And second: if the people in these studies were burning more calories, even a few more, but weren’t losing weight, they must have been eating more — a new exercise program, holding caloric intake constant, will lead to some weight loss. But your metabolism’s first response to unusual new activity is unusual new hunger, and an extra 100 calories is easily balanced out by a small handful of almonds. And anyway, the studies cited above measured people’s activity levels rather than their diets, so what if in addition to increasing exercise, we reduced caloric intake? This is hard to do in a study, because people are really bad at accurately reporting what they eat and it’s expensive and inconvenient to surveil them all day to report it properly (plus IRB approval is probably hard to obtain). Luckily (?), we have a natural experiment in the form of contestants on The Biggest Loser and the producers who allowed endocrinologists to study them. It turns out that while the people who completed the show’s intense exercise and diet regimen lost an average of 127 pounds over thirty weeks and saw a number of cardiometabolic benefits (fasting glucose level, insulin resistance, and triglycerides all dropped), their basal metabolic rate had also plummeted 25%. Their bodies were burning fewer calories at rest because, as far as millions of years of evolutionary fine-tuning could tell, they were starving and needed to conserve energy. And at a follow-up six years later, their BMRs were still low, despite the fact that all but one of the contestants had regained substantial weight. But the really fascinating thing is who gained the weight: it seems intuitive that the former contestants with the most sluggish metabolism would have gotten fattest, but in fact it’s exactly the opposite.
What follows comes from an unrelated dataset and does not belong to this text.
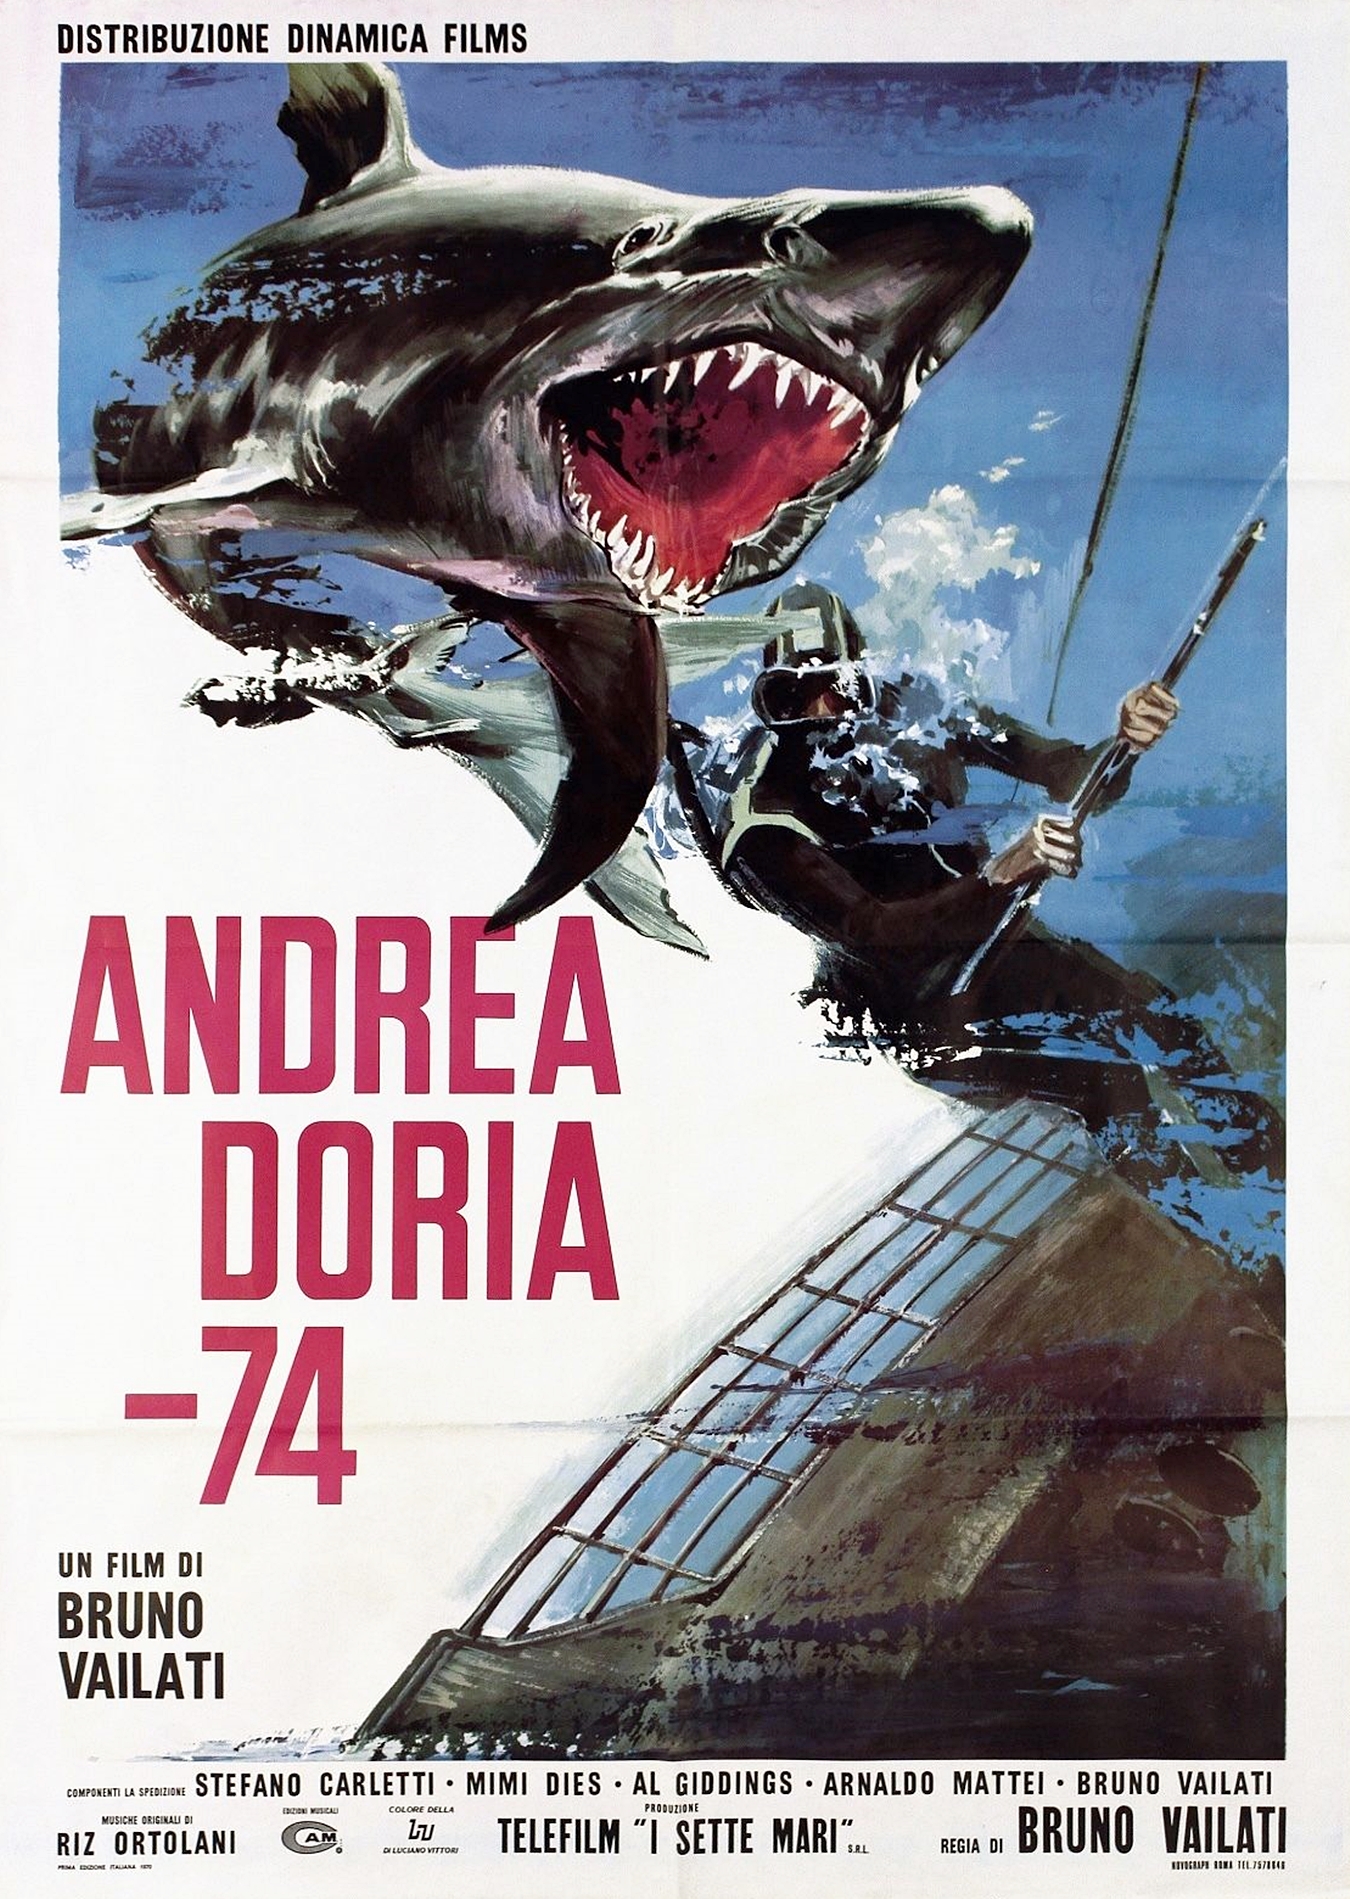 Andrea Doria -74 (1970) with English Subtitles on DVD on DVD

The people who regained the most weight were the ones whose BMR went back up the most. In short, Pontzer says, your basal metabolic rate and your daily energy expenditure don’t dictate your weight change, they respond to it.
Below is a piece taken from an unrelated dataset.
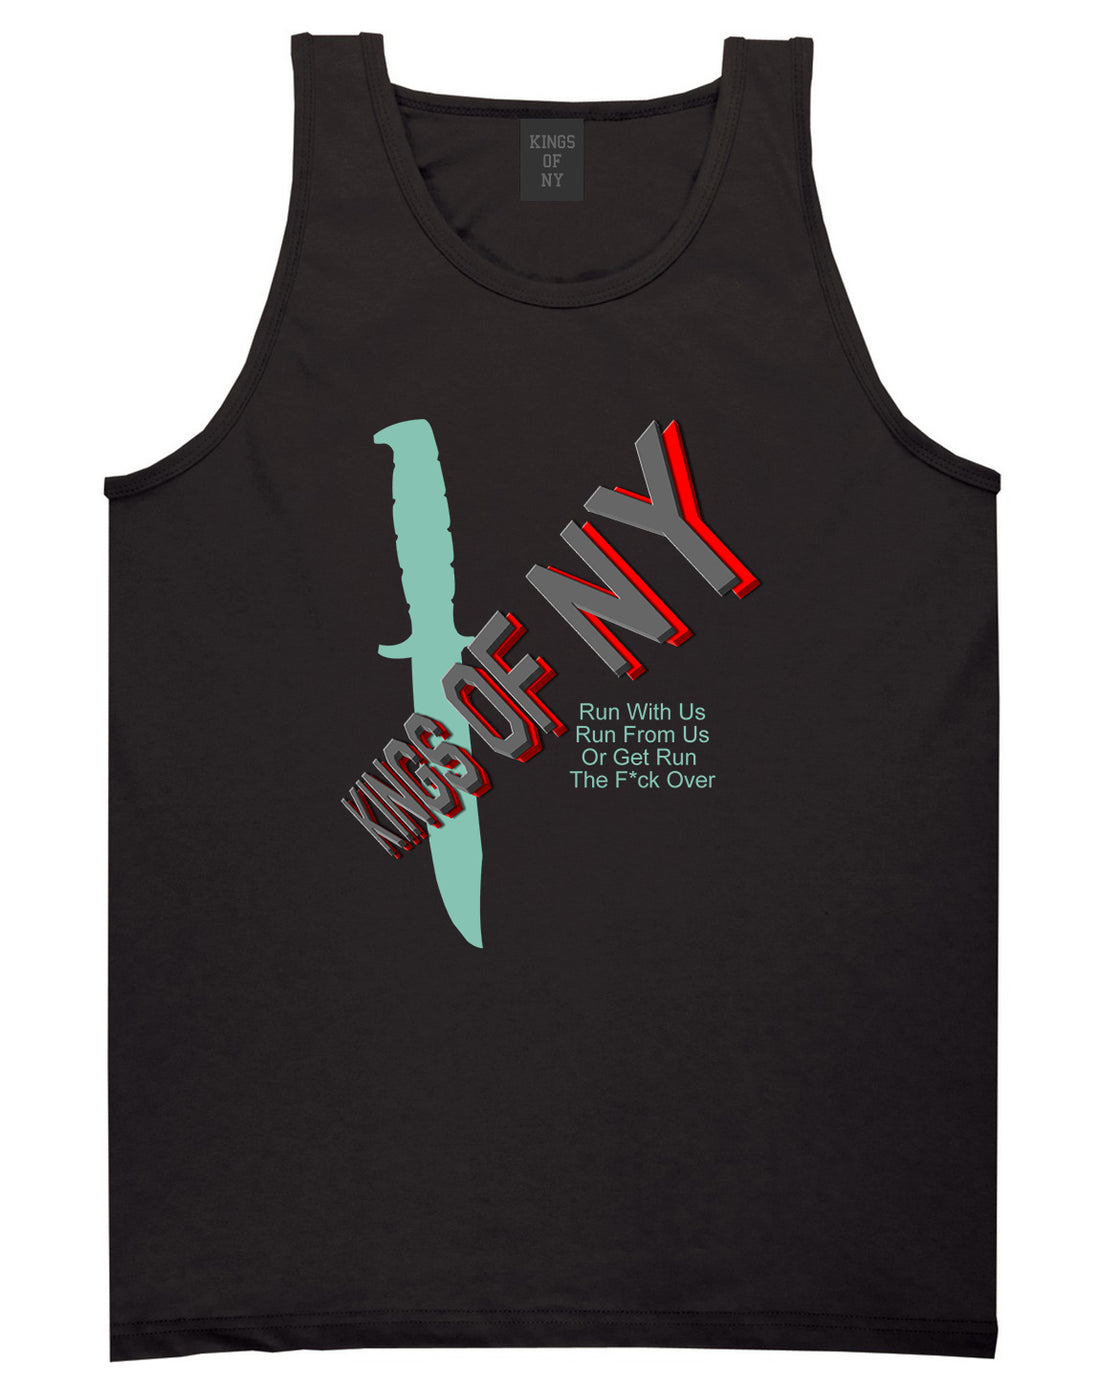 Run With Us Knife Tank Top Shirt in Black

So when your body responds to increased physical activity by scaling back energy expenditure on other functions, what are you missing out on? In children, it’s mostly growth: those Shuar children, with their high levels of physical activity and their busy immune response to a heavy infectious disease burden, are substantially shorter than children in industrialized countries. In adults, it’s less visible: some researchers have suggested that when we become more active we unconsciously reduce non-exercise physical activity like standing or fidgeting, but Pontzer thinks most of the cutbacks come from the energy that would otherwise be spent on things like stress reactivity, the reproductive system, and inflammatory response. Endurance athletes, for instance, produce less adrenaline and cortisol in stressful situations than sedentary non-exercisers, and exercise is well known to help with anxiety and depression. A reduced metabolic investment in stress response might well explain the mechanism behind this. Similarly, most people in subsistence societies have dramatically lower levels of circulating reproductive hormones than those in industrialized societies: the average testosterone level among Hadza men is about half that of an American man. Endurance training, too, seems to reduce testosterone levels, although gradually — training for a year reduces it by 10%, and five years or more by 30%.8 Pontzer suggests that this is good for you: high hormone levels are linked to various cancers of the reproductive system. Finally, exercise suppresses the inflammatory response, which may be part of why it reduces the risk of cardiometabolic issues. And this all makes perfect sense if we’re working with constrained total energy expenditure: if your body is fine-tuning how much it spends on various functions to stay in the sweet spot of (roughly) 2500 calories/day, then making it burn an extra couple hundred on chasing down a gazelle and schlepping it back to camp leaves that many fewer calories to spend on cortisol, testosterone, and cytokines.9
So “missing out” is the wrong framing for this: we don’t actually want such sensitive stress responses, high rates of breast and prostate cancer, and widespread inflammation. They’re bad for us. And more active populations don’t have to worry about them.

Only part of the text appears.